You can fix this two ways:

Fine-tune the model on your data (expensive, slow, hard to update)
Retrieval-Augmented Generation (cheap, fast, easy to update)

RAG wins for almost every real-world product use case.

The trick

When the user asks a question, instead of sending it straight to the LLM, you do this:

Find the chunks of YOUR data most relevant to the question
Stuff those chunks into the prompt as context
Tell the LLM to answer using only that context

The LLM doesn't need to "know" your data. It just needs to be smart enough to read your data and answer based on it. That is what GPT-4 is good at.

The three moving parts

graph LR
  A[Chunk] --> B[Embed]
  B --> C[Retrieve]

1. Chunk

PDFs and documents are too big to send to an LLM whole. So you split them into chunks.

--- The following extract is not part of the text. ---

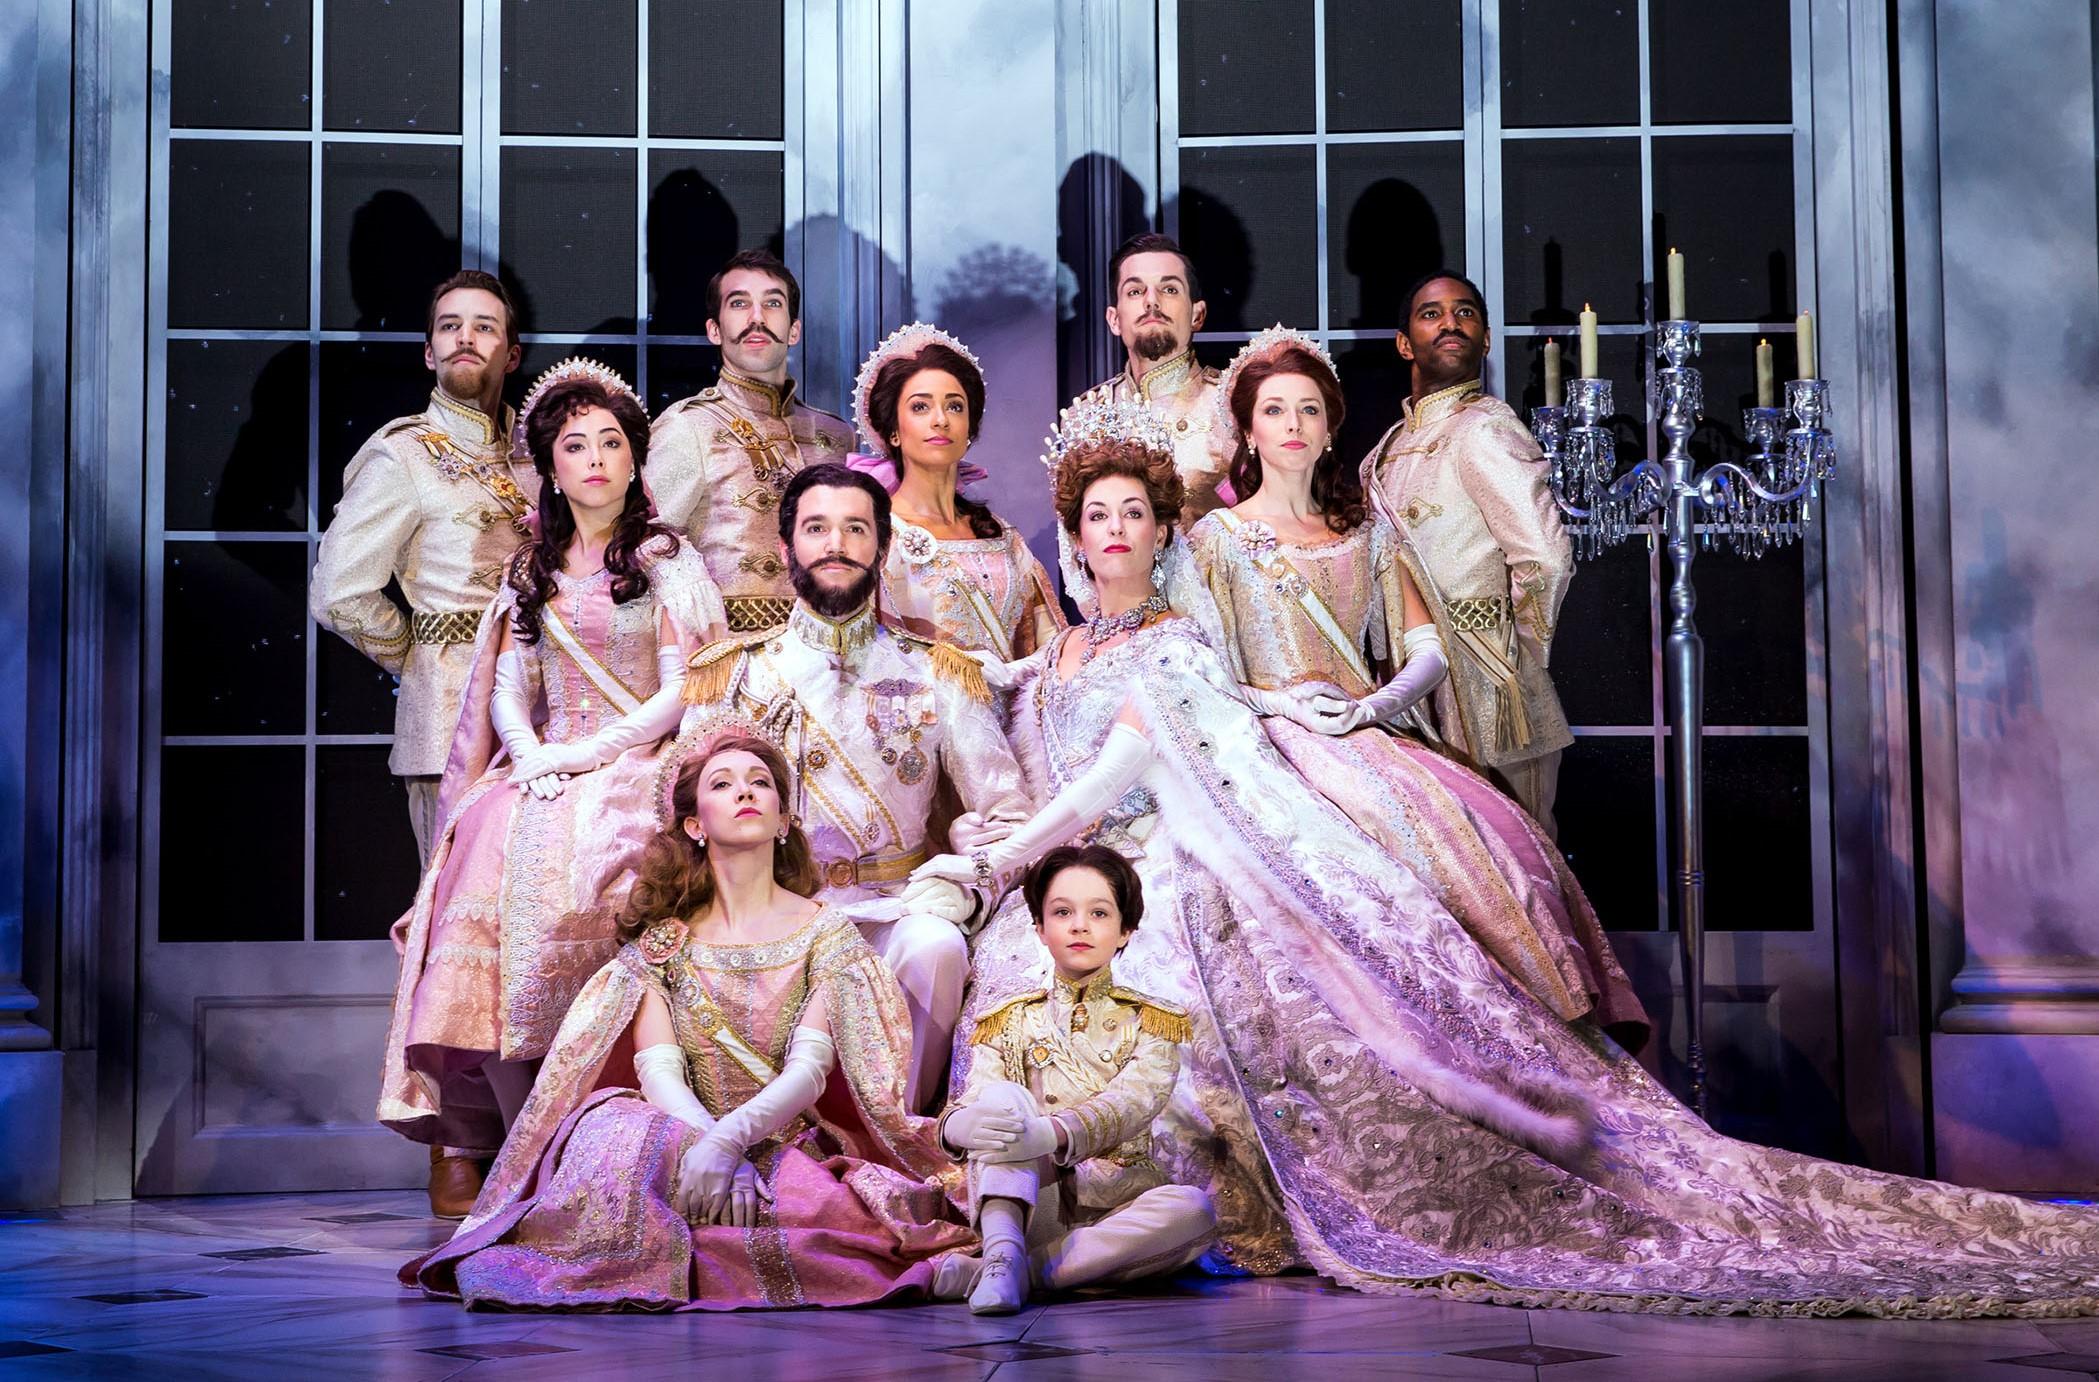 [2588]_The cast of ANASTASIA in ANASTASIA on Broadway, Photo by Matthew Murphy, 2017

How big should a chunk be? In this repo, 1000 characters with 200 character overlap. Why?

Too small (50 chars): a chunk has no context, retrieval is noisy.
Too big (10,000 chars): you waste tokens on irrelevant text.
Sweet spot: roughly the size of a paragraph or two. 500-1500 chars works for most prose.

The 200-char overlap is so a sentence that spans two chunks is still findable in either.

2. Embed

An embedding is a list of numbers that represents the meaning of a piece of text. Two chunks with similar meaning have similar embedding vectors.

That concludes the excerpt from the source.